The regulatory network contains 84 miRNAs, 6 circRNAs, and 60 mRNAs. The light-blue nodes represent mRNA, the red nodes represent miRNAs, and the brown nodes represent circRNAs.

https://doi.org/10.1371/journal.pone.0284459.g007

Discussion

In this study, we first systematically analyze the expression profile of circRNAs in pancreatic injury in a mouse model of CIH. The microarray data demonstrated that 21 circRNAs were significantly down-regulated, while 5 circRNAs were obviously up-regulated (FC ≥ 1.2 and P≤ 0.05). The above findings have been verified by qRT-PCR on 6 randomly selected circRNAs, including mmu_circRNA_38000, mmu_circRNA_015198, mmu_circRNA_31565, mmu_circRNA_36426, mmu_circRNA_39531, and mmu_circRNA_36670. Further bioinformatics analyses, including the GO and KEGG pathway analysis and ceRNA interaction network, were applied to predict the functions of dysregulated circRNAs, which suggested a potentially critical role of circRNAs in the pathogenesis of OSA-induced pancreatic damage.

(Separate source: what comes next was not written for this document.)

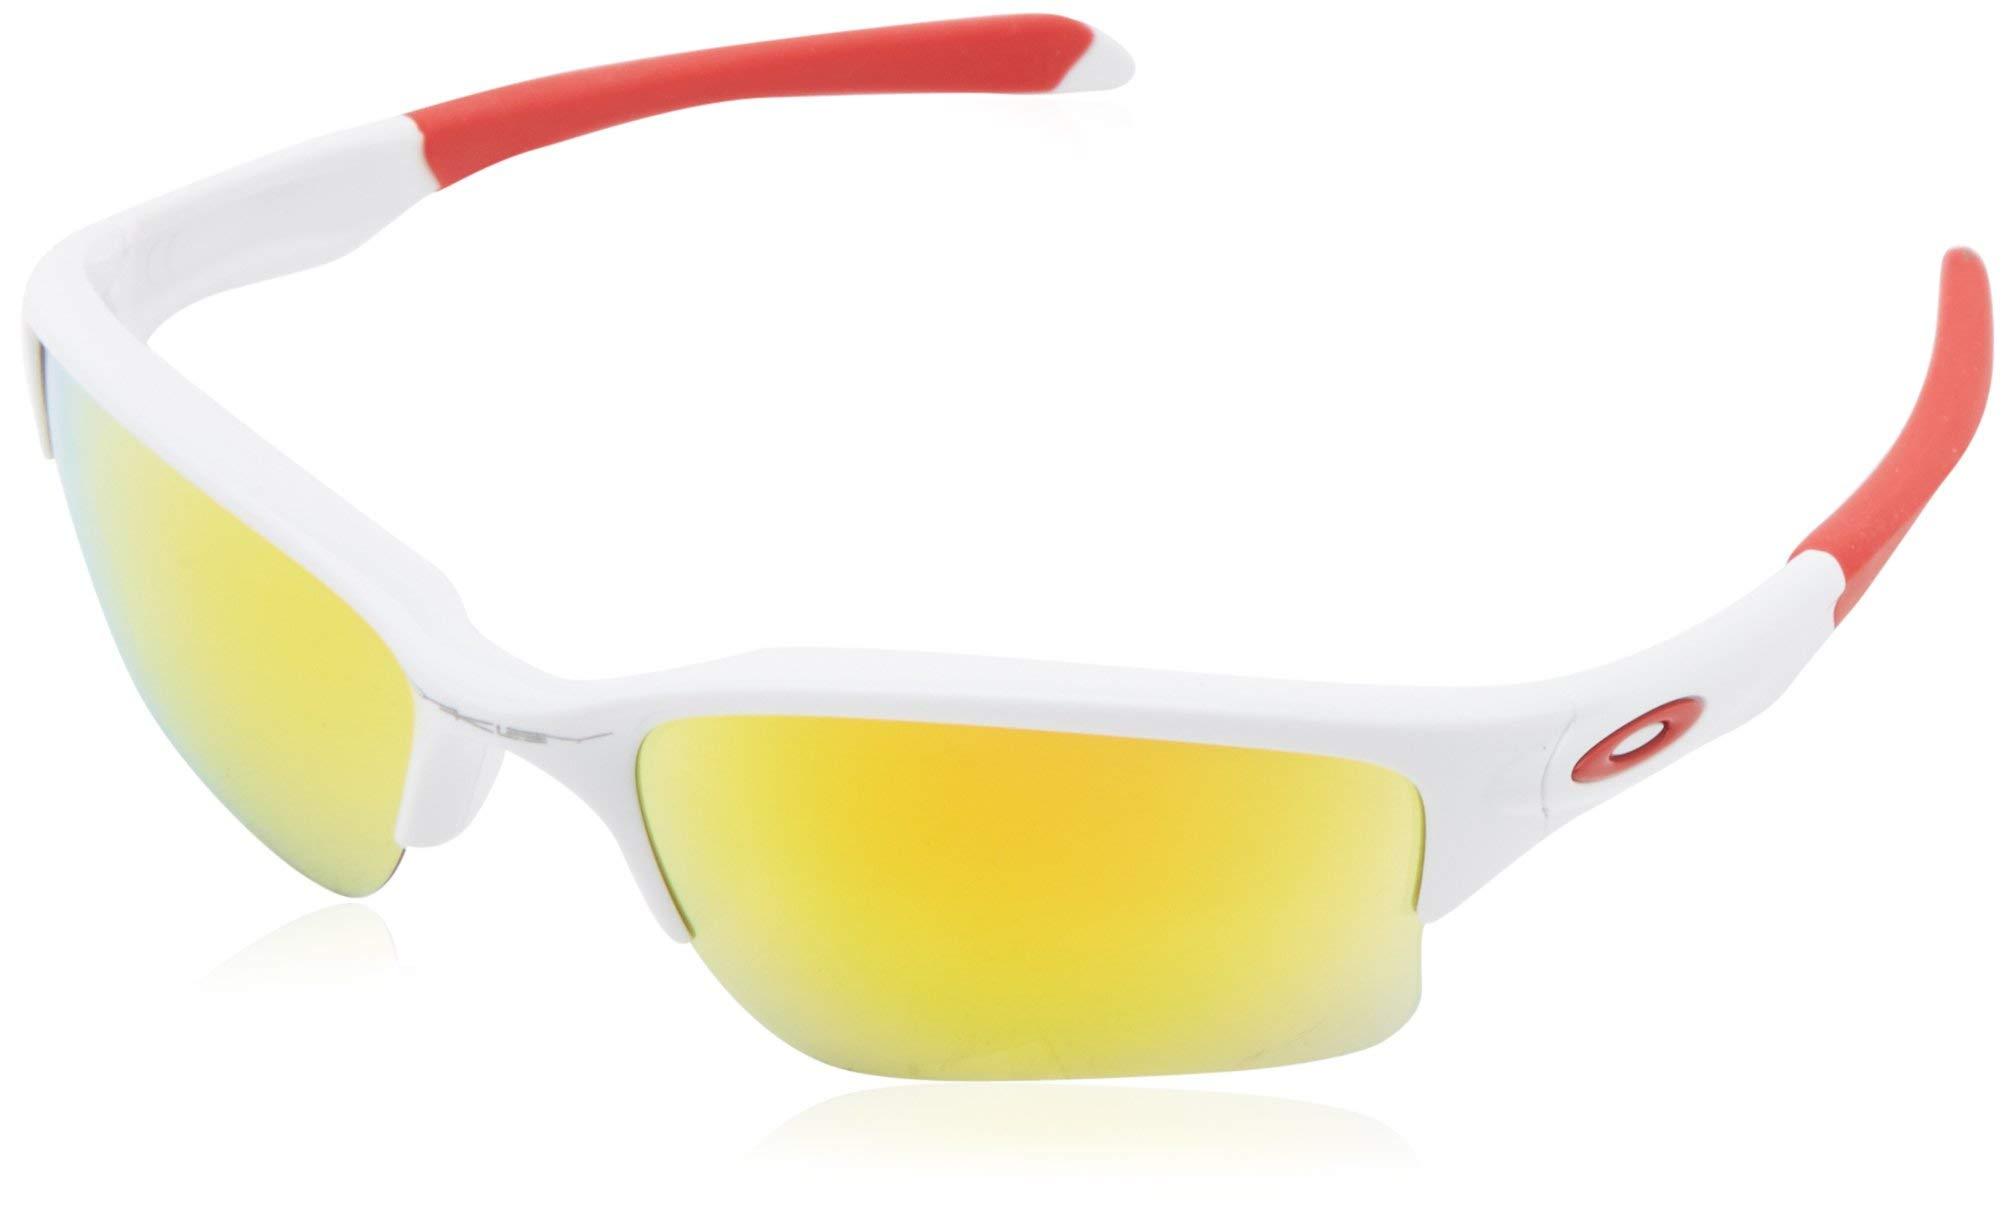 Oakley Men's OO9200 Quarter Jacket Rectangular Sunglasses, Polished White/Fire Iridium, 61 mm by Oakley

OSA, a common sleep disorder, has a recognized prevalence of 3–7% worldwide. Accumulating evidence indicates that OSA is closely related to glucose intolerance [23], T2DM [24], insulin resistance [25], and dyslipidemia [26]. Clinical and epidemiological studies have reported that OSA can impair insulin sensitivity and/or glucose tolerance, even after adjusting for BMI. Moreover, it is suggested that CIH has a fundamental role in various metabolic impairments, including impairments in insulin sensitivity, higher fasting insulin and glucose levels, reduced beta cell function, and glucose intolerance [27–29]. In addition, it is found that the severity of metabolic dysfunction is strongly linked to the degree of sleep-related hypoxemia. To date, the underlying mechanisms of the OSA-induced glucose metabolism impairments remain to be fully elucidated.

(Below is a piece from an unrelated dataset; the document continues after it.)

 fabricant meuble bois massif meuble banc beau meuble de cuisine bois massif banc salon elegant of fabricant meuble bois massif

Insight into the effects of CIH on pancreatic injury is very important for understanding the mechanisms resulting in impaired glucose homeostasis. Previous studies have found that CIH may lead to impaired pancreatic β-cell function, which provides evidence for OSA patients with a high risk of diabetes [30]. Many hypotheses have been proposed. For instance, the inflammatory response has been demonstrated to participate in CIH-induced pancreatic injury, and the levels of pro-inflammatory cytokines, IL-6, TNF-α, and IL-1β, have been shown to be enhanced by CIH [31]. Meanwhile, apoptosis has been confirmed to be involved in the underlying mechanisms of CIH-induced pancreatic β-cell death [32]. Last but not least, animal studies suggested that ROS participates in CIH-induced pancreatic damage [33]. However, the precise underlying molecular mechanism of CIH-induced pancreatic injury remains unknown.

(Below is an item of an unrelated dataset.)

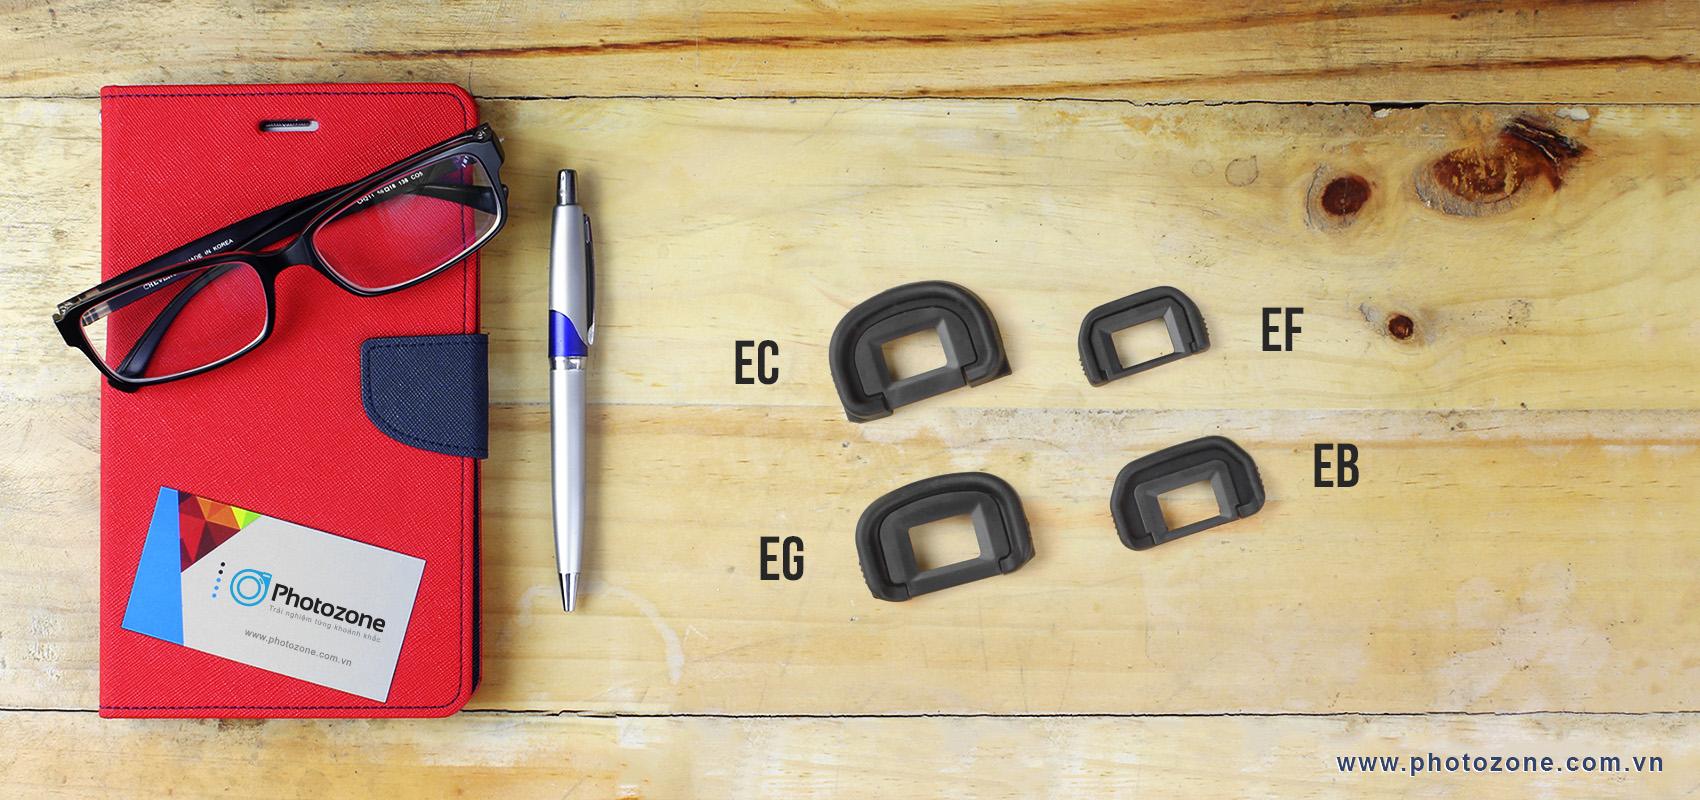 Eyecup EF màu trắng for Canon 100D, 350D, 450D, 500D, 550D, 600D, 650D, 700D, 750D, 760D – xxxxD…

With the development of biotechnology, a growing body of evidence revealed that circRNAs, a novel type of RNA molecules, are a stable, abundant, and conserved class of non‑coding RNAs. What’s more, recent studies showed that circRNAs could regulate a variety of human diseases, including acute ischemic stroke [34], atherosclerosis [35], cardiac fibrosis [36], and bladder carcinoma [37]. In the present study, we, for the first time, explored the circRNAs expression profiles in CIH-induced pancreatic injury in mice by using the circRNAs microarray. Our findings indicated that the expression profiles of circRNAs between the CIH group and control group were significantly different, with 21 circRNAs down-regulated and 5 circRNAs up-regulated. At the same time, we also identified the circRNAs type, and chromosome location of these differentially expressed circRNAs. In addition, 6 dysregulated circRNAs were randomly selected to confirm the microarray data by qRT-PCR. The consistency between qRT-PCR results and microarray data further supported that circRNAs played key roles in the development and progression of OSA-induced pancreatic injury.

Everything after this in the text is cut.